As larger and more frequent fires continue to shape landscapes in the Great Basin and across the western United States, it is increasingly important to understand how fire influences ecosystem processes such as carbon and nitrogen retention, streamflow, and water quality. Studies that couple carbon and nitrogen dynamics with vegetation recovery following fire can help us identify when and under what circumstances wildfires are changing the structure and function of Great Basin plant communities, ecosystems and watersheds. To examine how burn severity interacts with the composition of recovering herbaceous species and soil biogeochemical dynamics, we sampled vegetation and soils from burned and unburned plots following a wildfire that burned a portion of Lamoille Canyon Recreation area outside of Elko, NV, USA. We quantified the cover, presence, and biomass of herbaceous species and analyzed foliar carbon and nitrogen content at the peak of the first postfire growing season. We also collected mineral soil and forest floor samples (where present) and measured their carbon and nitrogen content, microbial biomass, pH and net mineralization and nitrification rates.
Results/Conclusions
Preliminary data show that in the first year postfire, herbaceous species composition differs between burned and unburned plots and that soil microbial biomass is negatively associated with burn severity.
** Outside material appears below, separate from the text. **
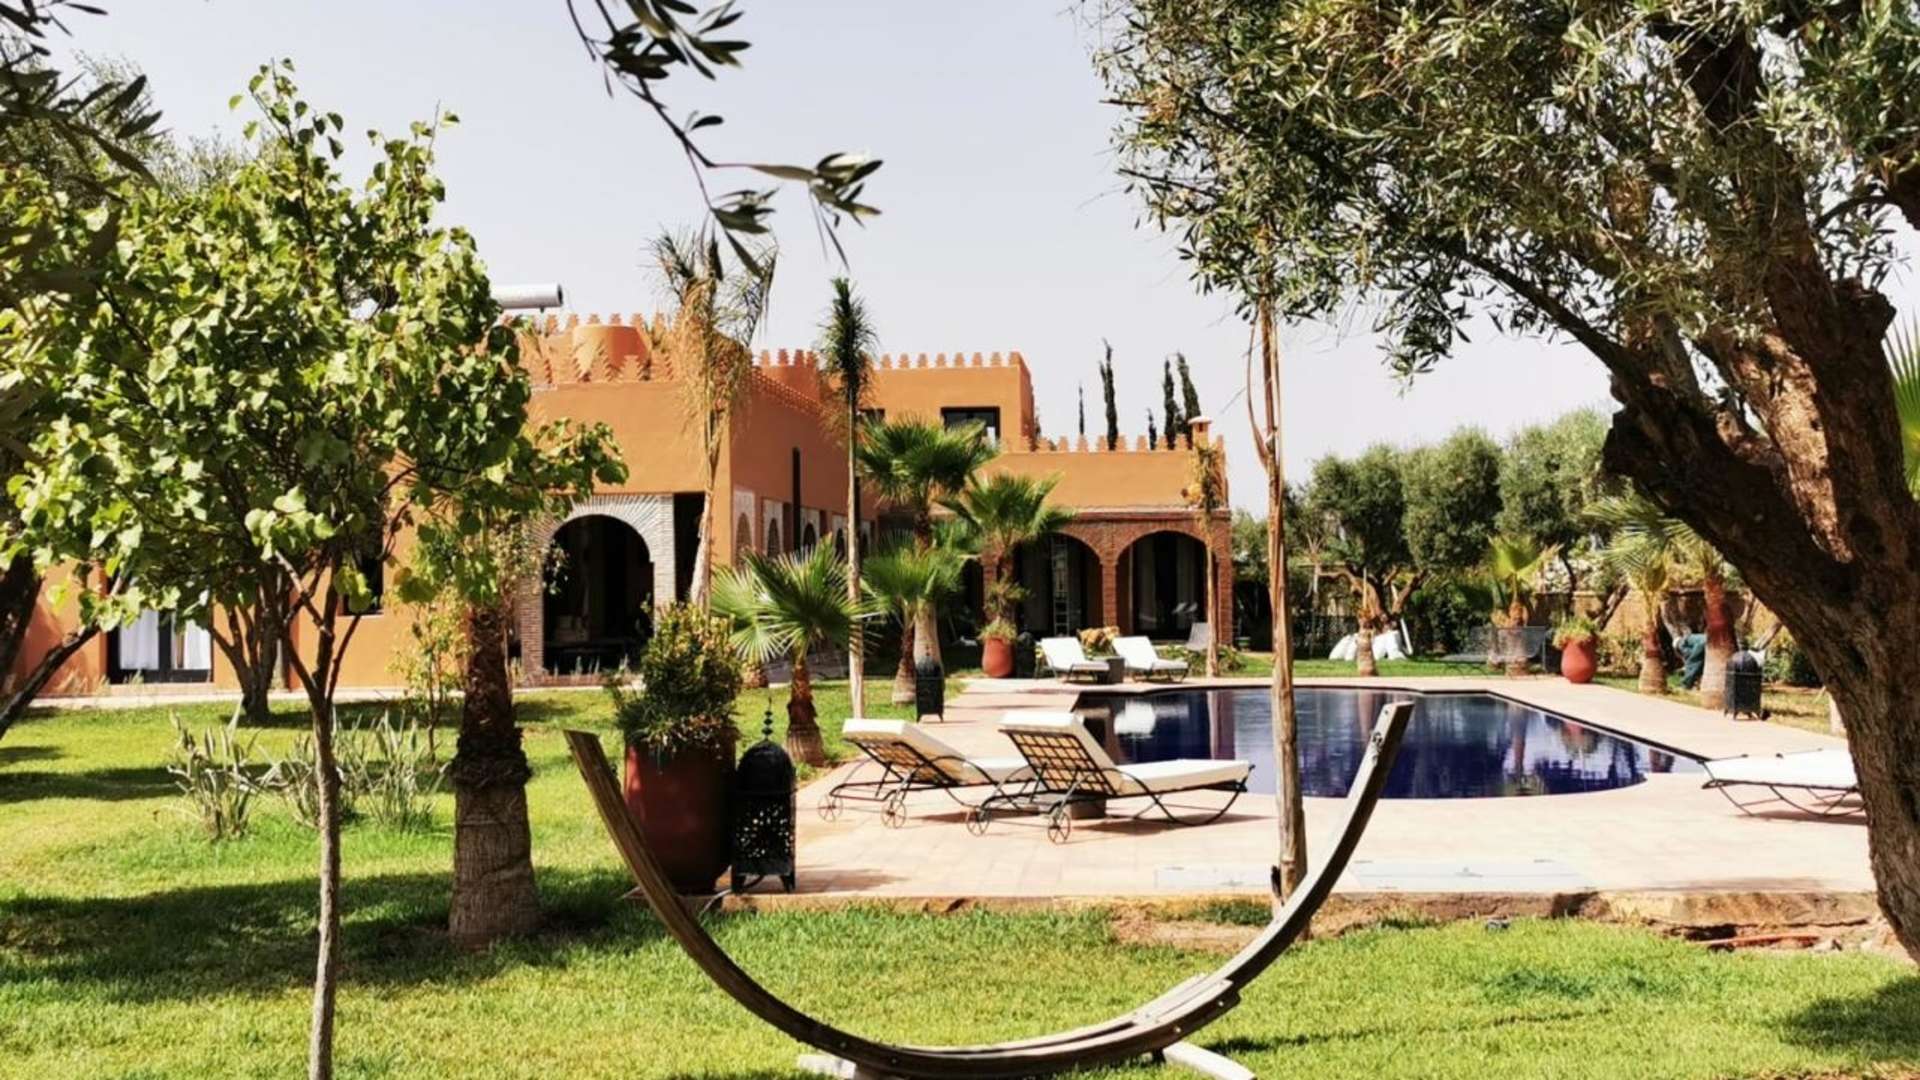 Location de vacances,Villa,Bienvenue à cette maison d'hôtes exclusive à Marrakech, offrant six suites somptueuses,Marrakech,Route d'Ouarzazate
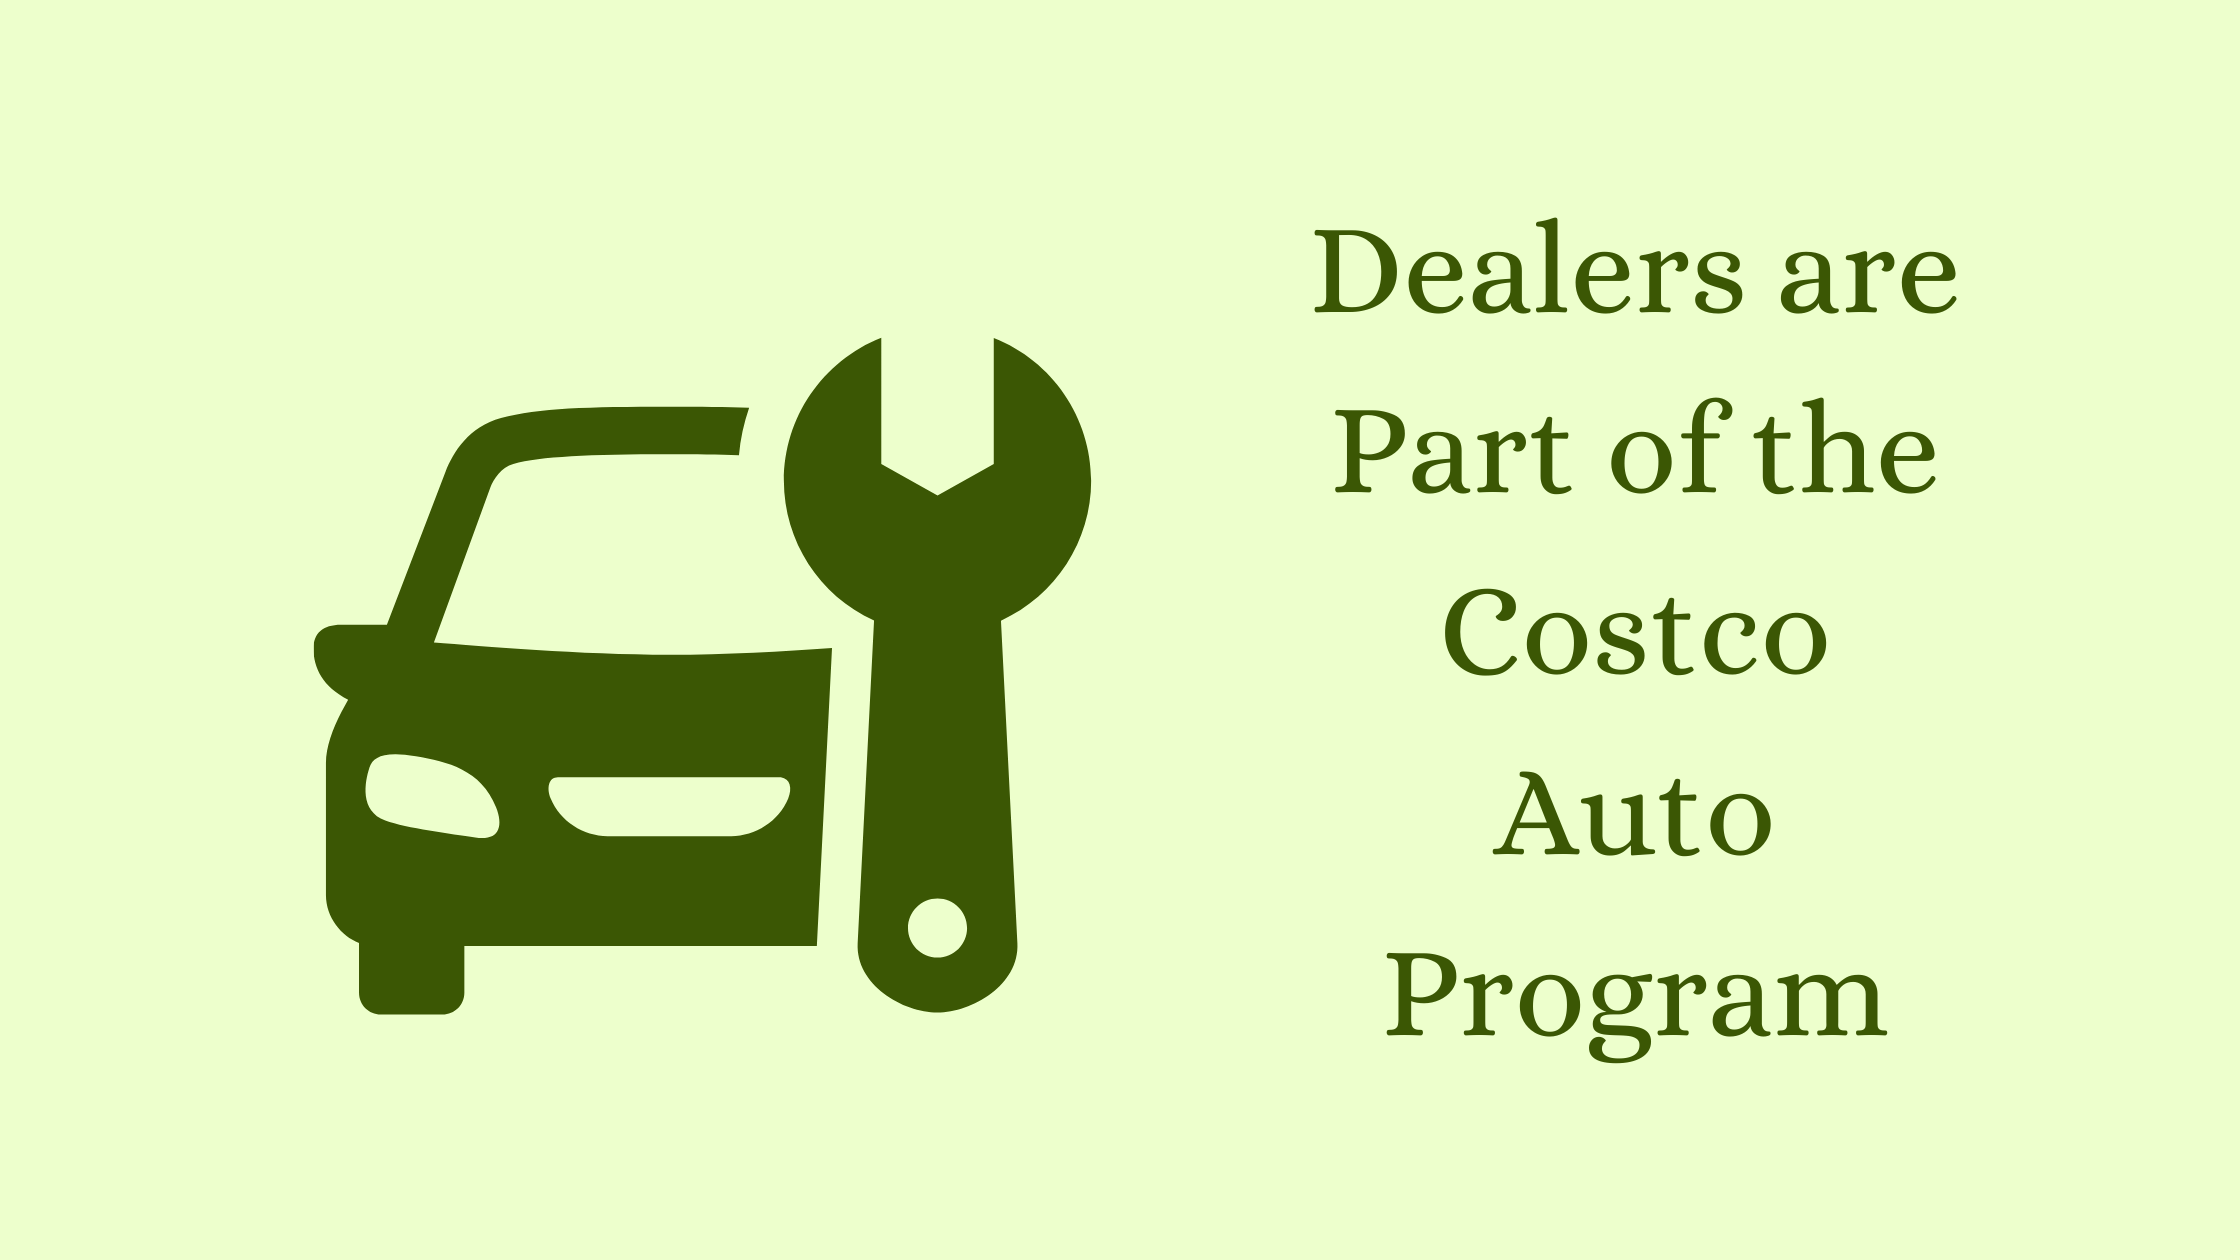 Costco Auto programDealers are Part of the Costco Auto Program

These results, though preliminary, contribute to our understanding of how fire influences herbaceous community dynamics and soil biogeochemical dynamics in Eastern Nevada. Future work will involve continued sampling of vegetation, soils and forest floor. We will also use our results to inform an ecohydrological model that we will use to examine possible effects of changing climate, plant invasion, and fire regimes on ecosystem processes.